- Marock
- Directed by: Laïla Marrakchi
- Written by: Laïla Marrakchi
- Produced by: Stéphanie Carreras
- Starring: Morjana Alaoui Mathieu Boujenah Assaad Bouab
- Cinematography: Maxime Alexandre
- Edited by: Pascale Fenouillet
- Distributed by: Pan Européenne Distribution
- Release date: 2005;
- Running time: 100 minutes
- Countries: Morocco France
- Languages: Arabic French

= Marock =

2005 Moroccan film

Marock is the 2005 Moroccan film by director Laïla Marrakchi.

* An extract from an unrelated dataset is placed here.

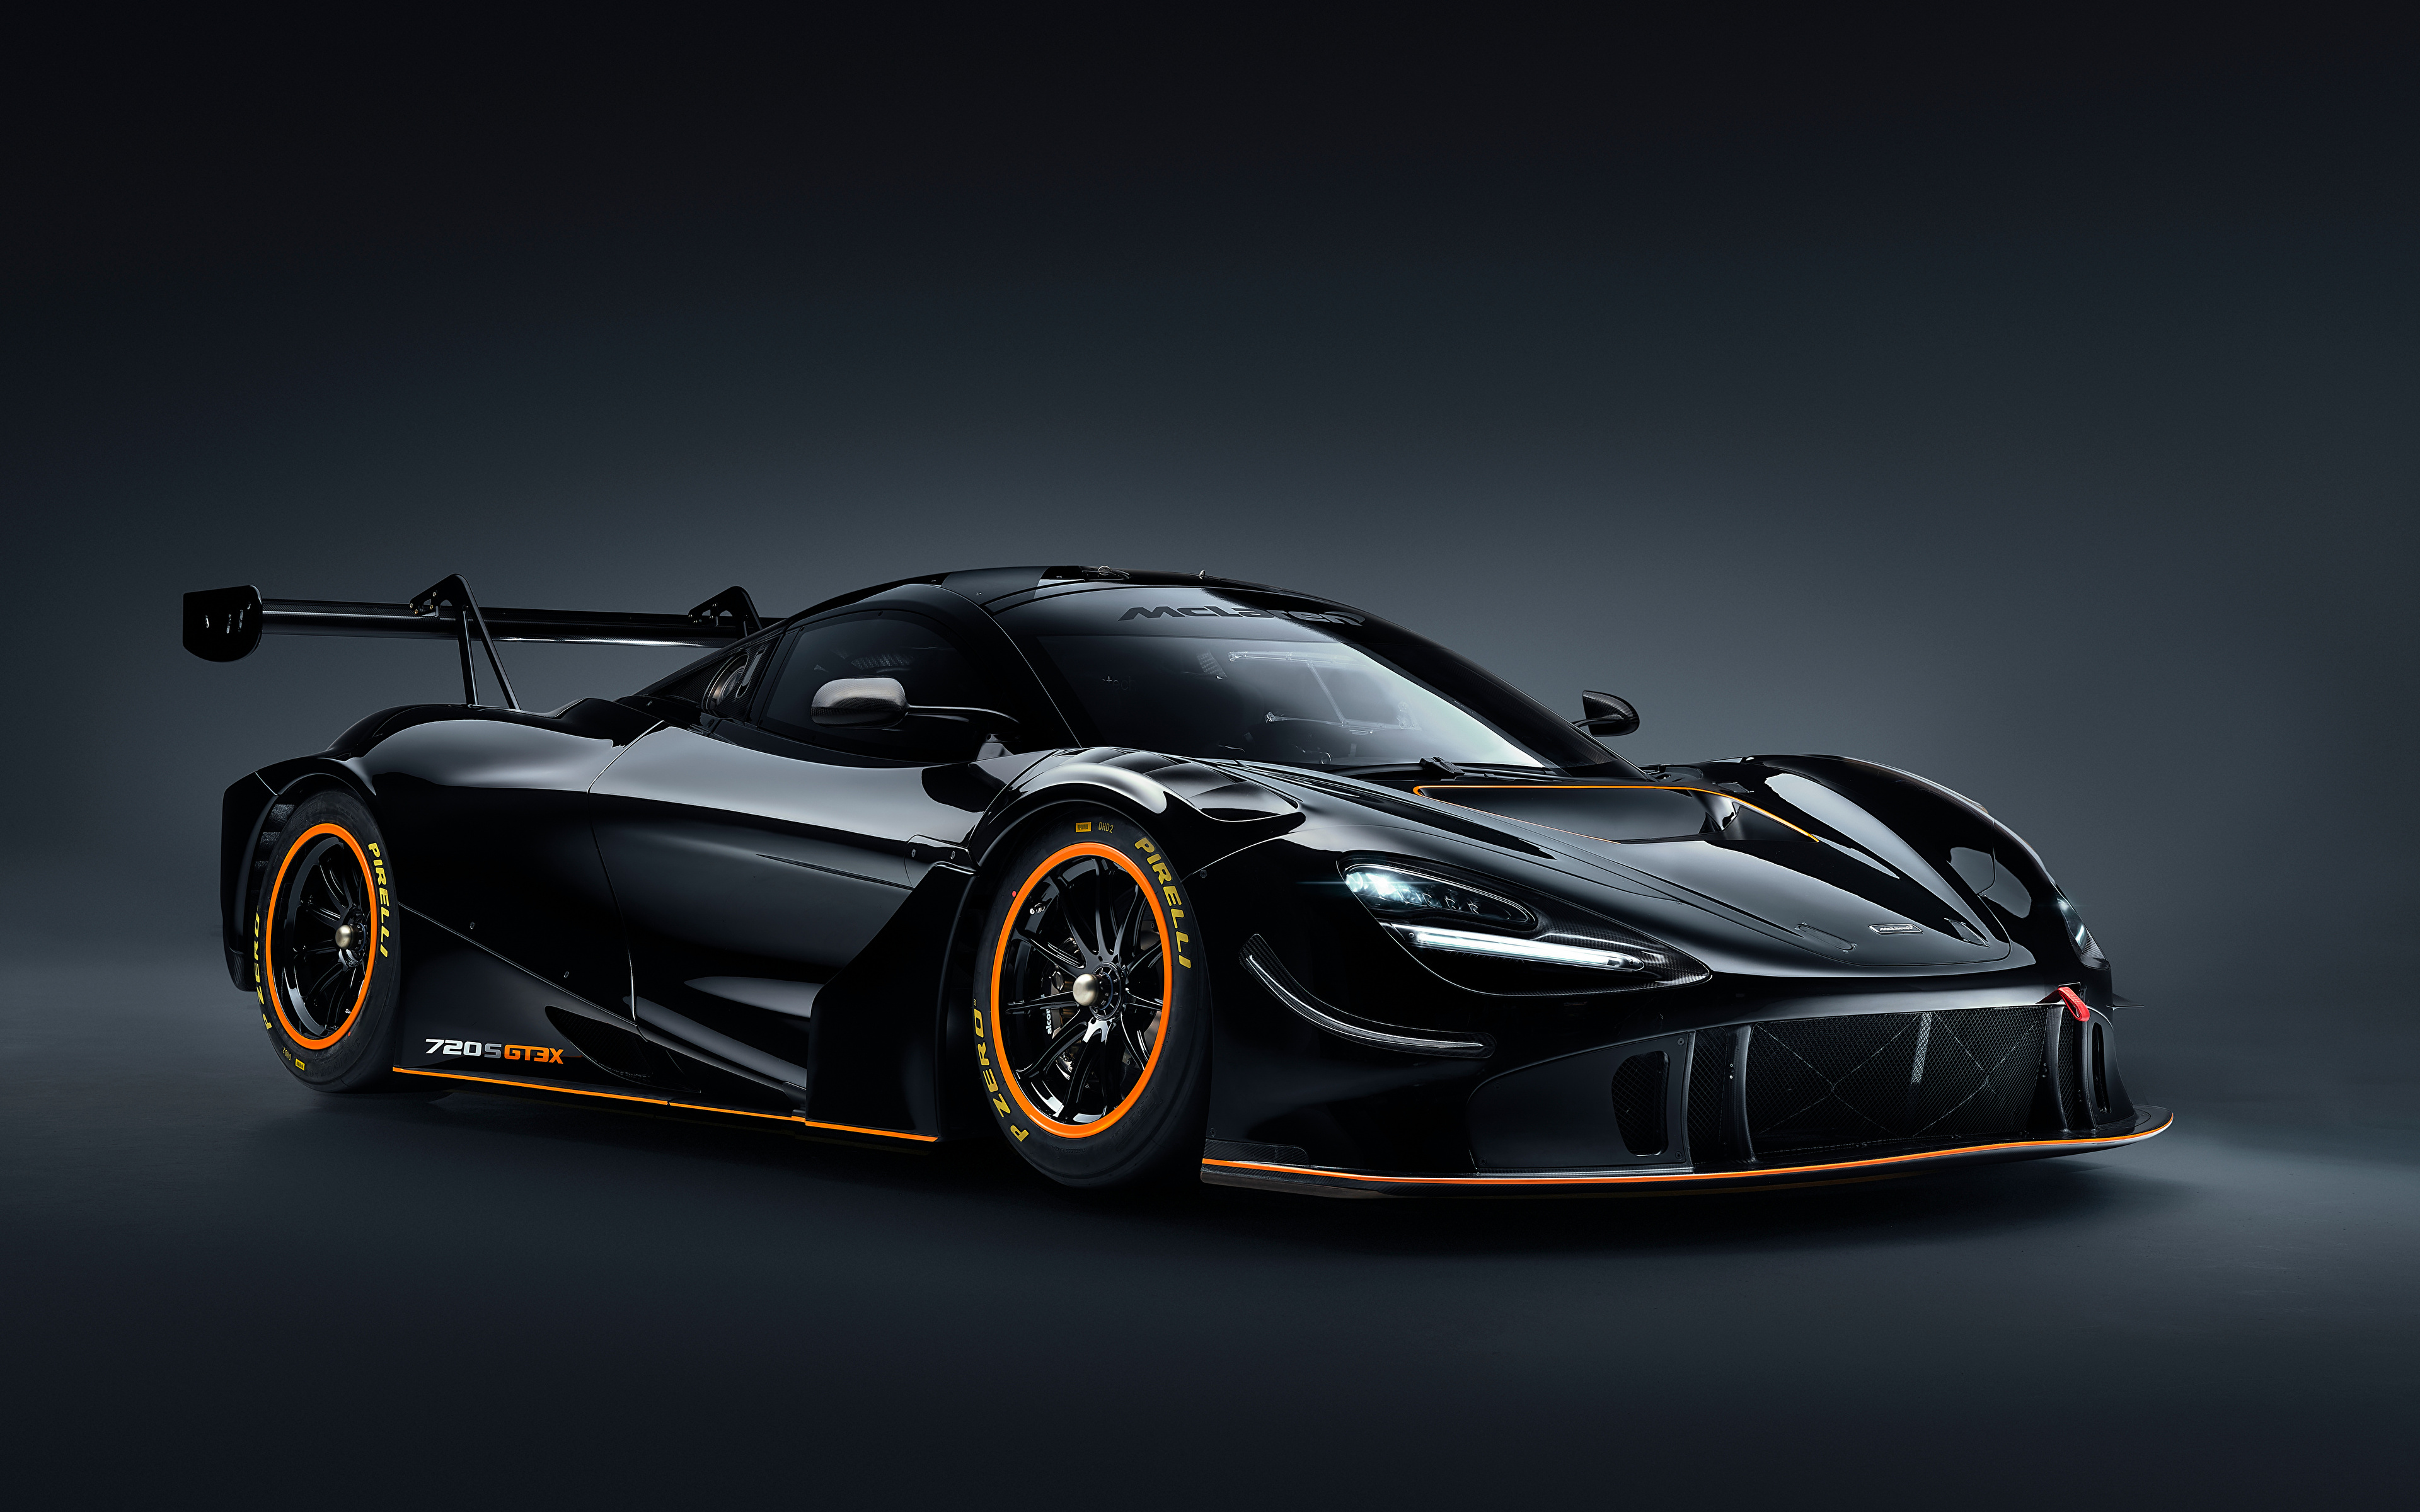 Afbeelding McLaren 720S GT3X, 2021 Zwart kleur Metallic automobiel 3840x2400 Auto auto's

The film was 2006's most successful film in Morocco, taking more than 3 million dirhams at the Moroccan box-office, according to TelQuel. It deals with a Muslim-Jewish romantic relationship between two young people in Casablanca, Morocco, Rita and Youri.

The film was shown in Moroccan cinemas without being edited or censored. The title Marock is a play on words based on the French name for Morocco, Maroc, and rock as in rock 'n' roll. It was screened in the Un Certain Regard section at the 2005 Cannes Film Festival.

==Cast==
- Morjana Alaoui – Rita Belghiti
- Matthieu Boujenah – Youri Benchekri
- Razika Simozrag – Asmaa
- Fatym Layachi – Sofia
- Assaad Bouab – Mao
- Rachid Benhaissan – Driss
- Khalid Maadour – Omar
- Michael Souda – Mehdi

==Critical reception==
The film received 3 stars out of 4 from the critic Alain Spira in Paris Match: "Marrakchi depicts, in an original way, the young jet set of her country. [...] Hypocritical religion, arranged marriages, the Judeo-Arab rivalry, nothing is spared. But Marock is also a great cry of love for her country with its generous spirit and matchless style for living."

Marock was nominated for "Best Film" at the Sydney Film Festival and for the Contemporary World Cinema Award at the Toronto International Film Festival. It won the Coup de Cœur Audience Award at the Sarlat International Cinema Festival.